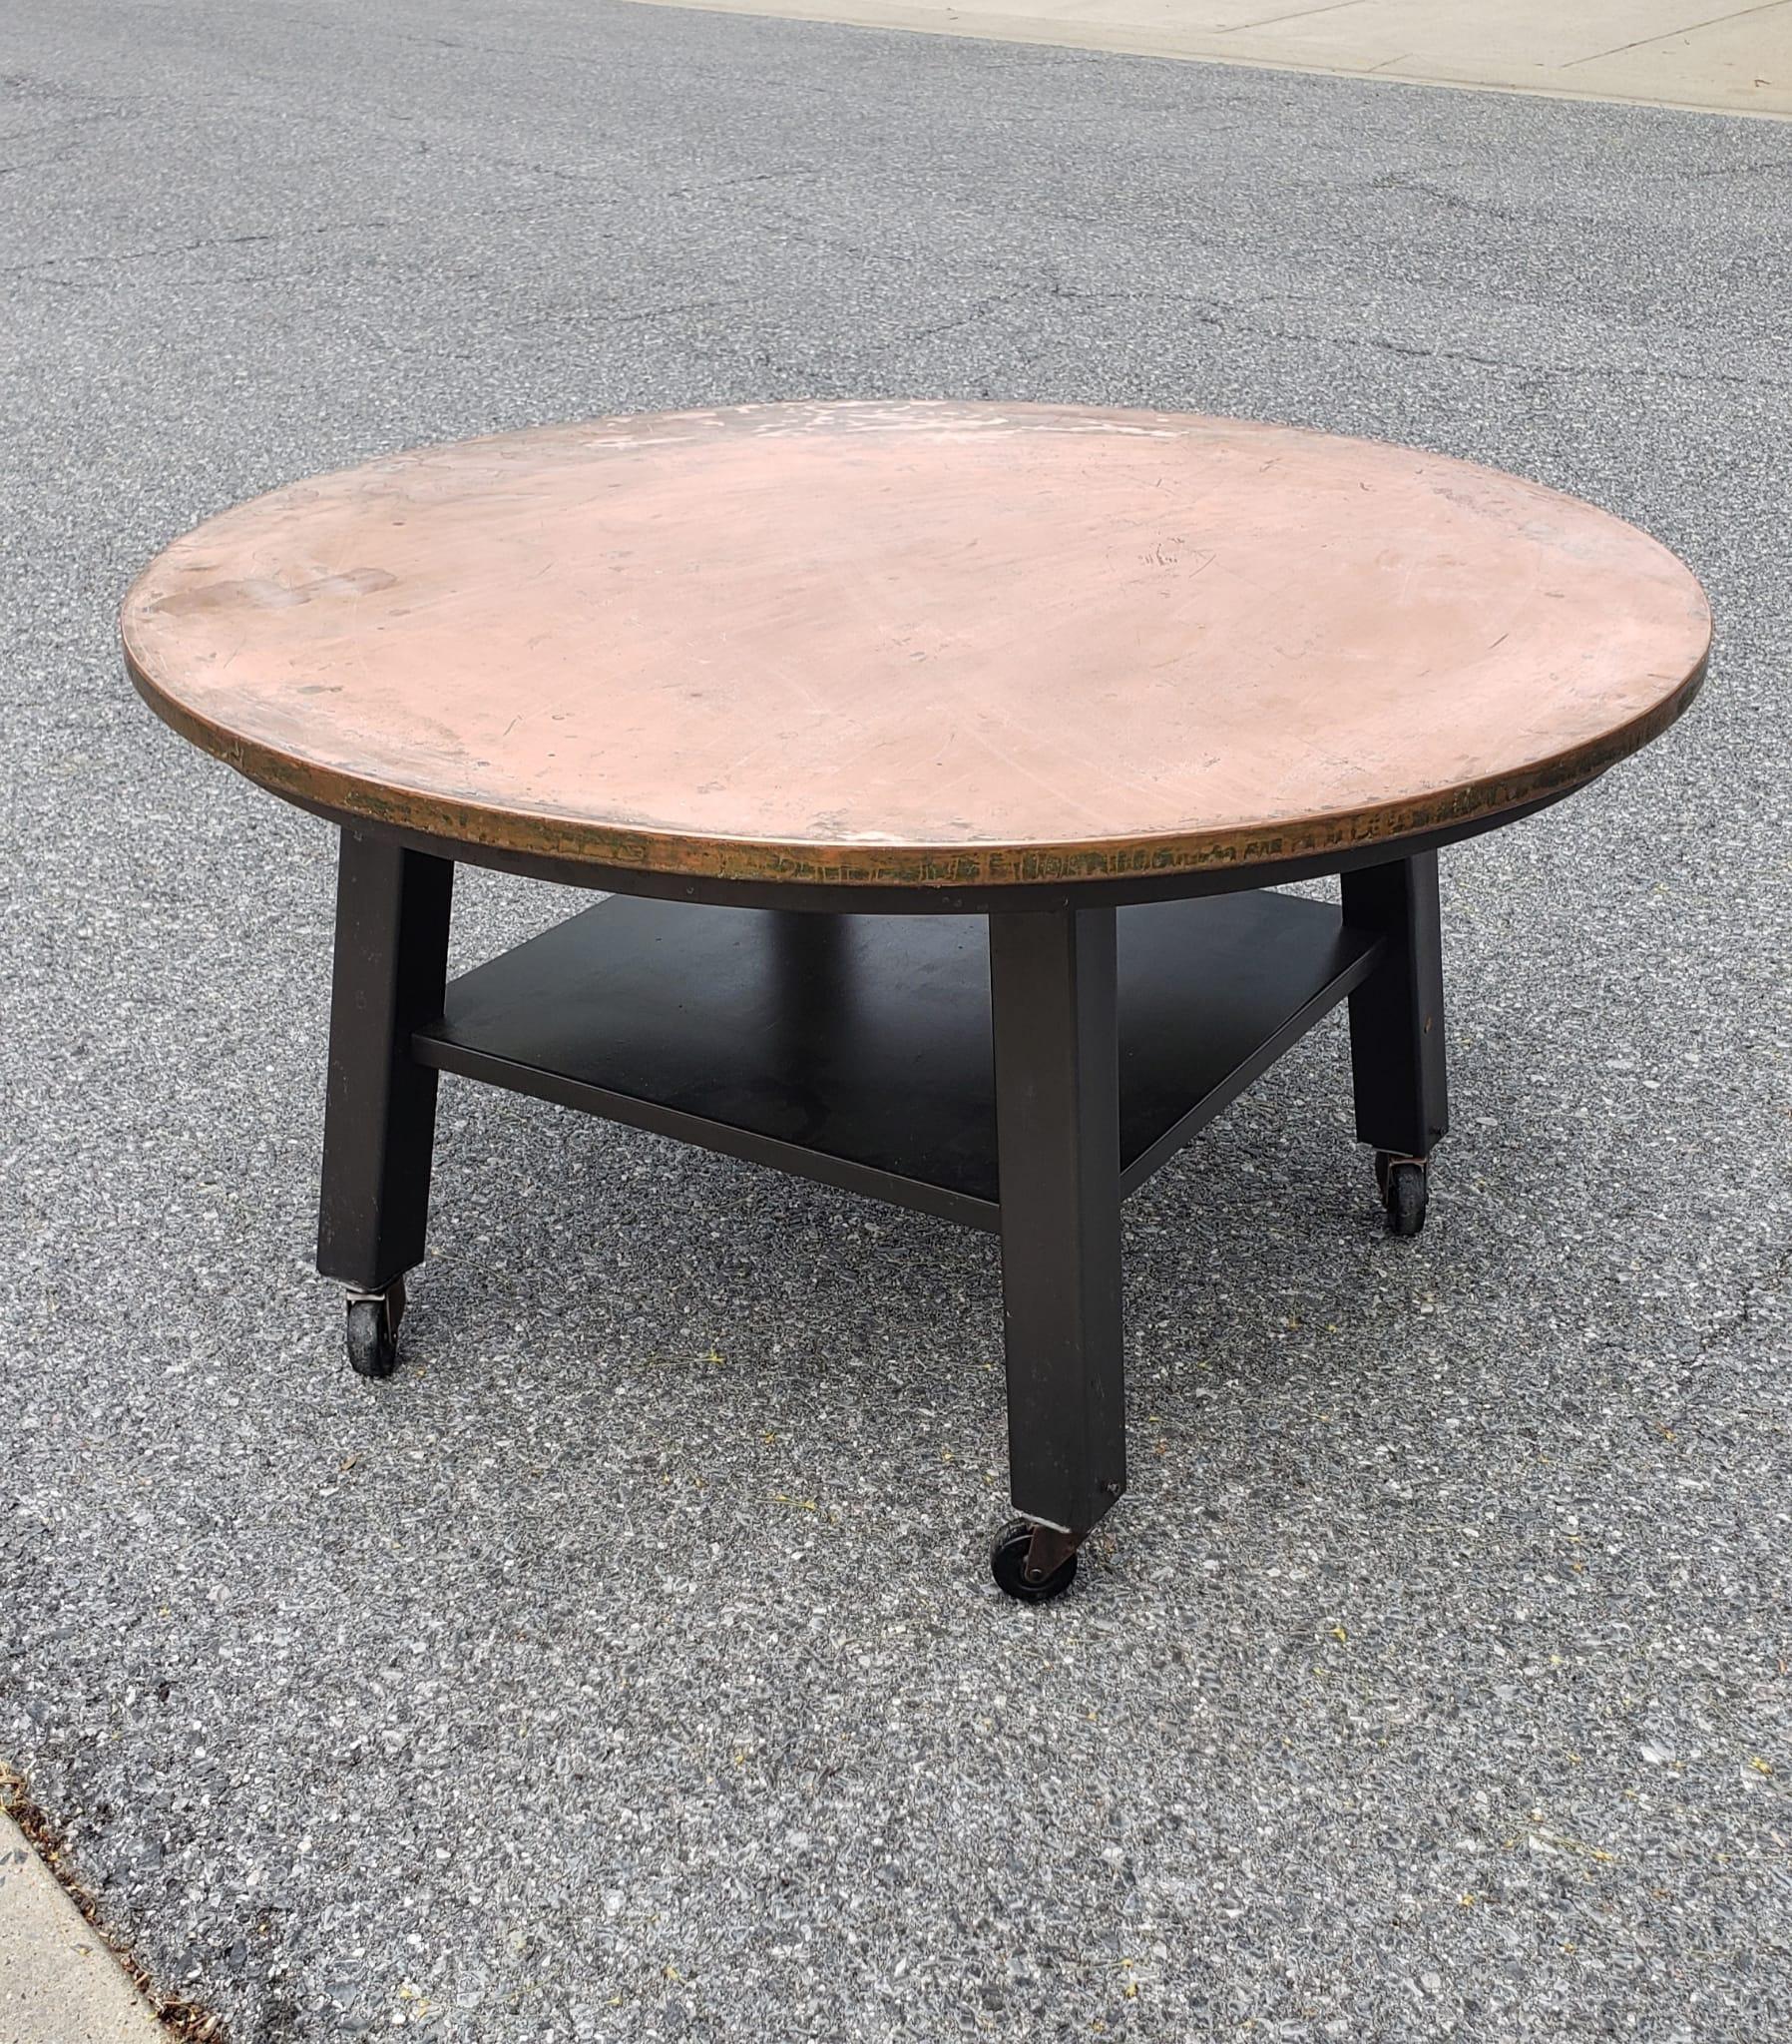 Ethan Allen Outdoor Copper Top Metal Rolling Outdoor or Indoor Coffee or cocktail Table. Copper Top. Very sturdy. Some patina on copper
Table measures 36
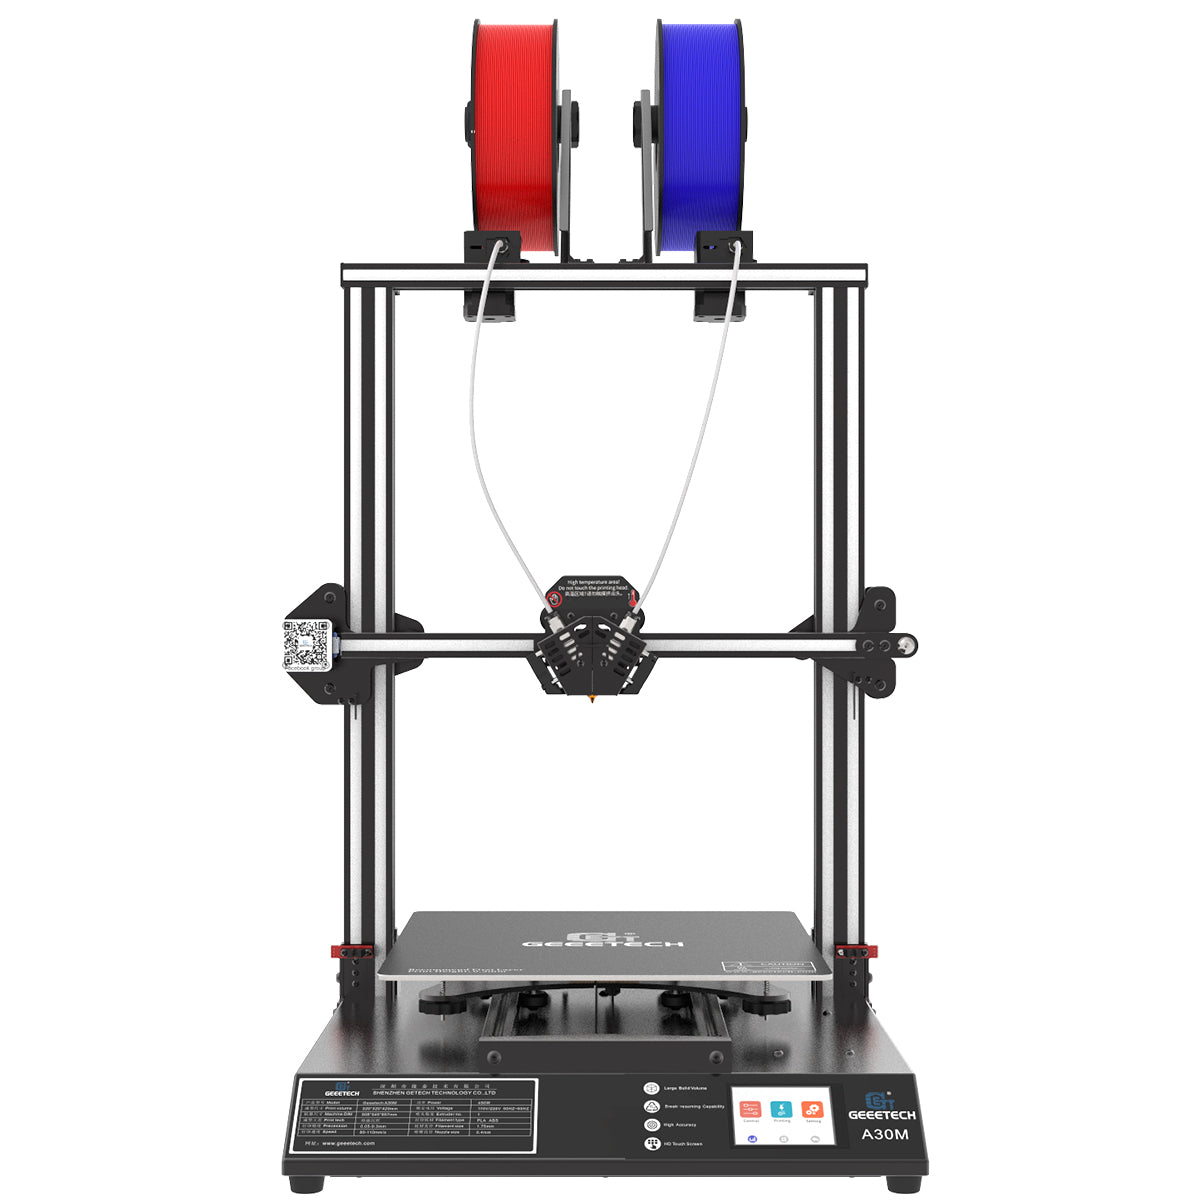 Geeetech new release upgrading auto leveling power filament sensor touch screen 3d multicolor 3d printer | Electrr Inc
────────────────────────────────────────
■ Work item ■
Return the material exactly as given above, picture-free.

■ Solution for this task ■
 Ethan Allen Outdoor Copper Top Metal Rolling Outdoor or Indoor Coffee or cocktail Table. Copper Top. Very sturdy. Some patina on copper
Table measures 36
 Geeetech new release upgrading auto leveling power filament sensor touch screen 3d multicolor 3d printer | Electrr Inc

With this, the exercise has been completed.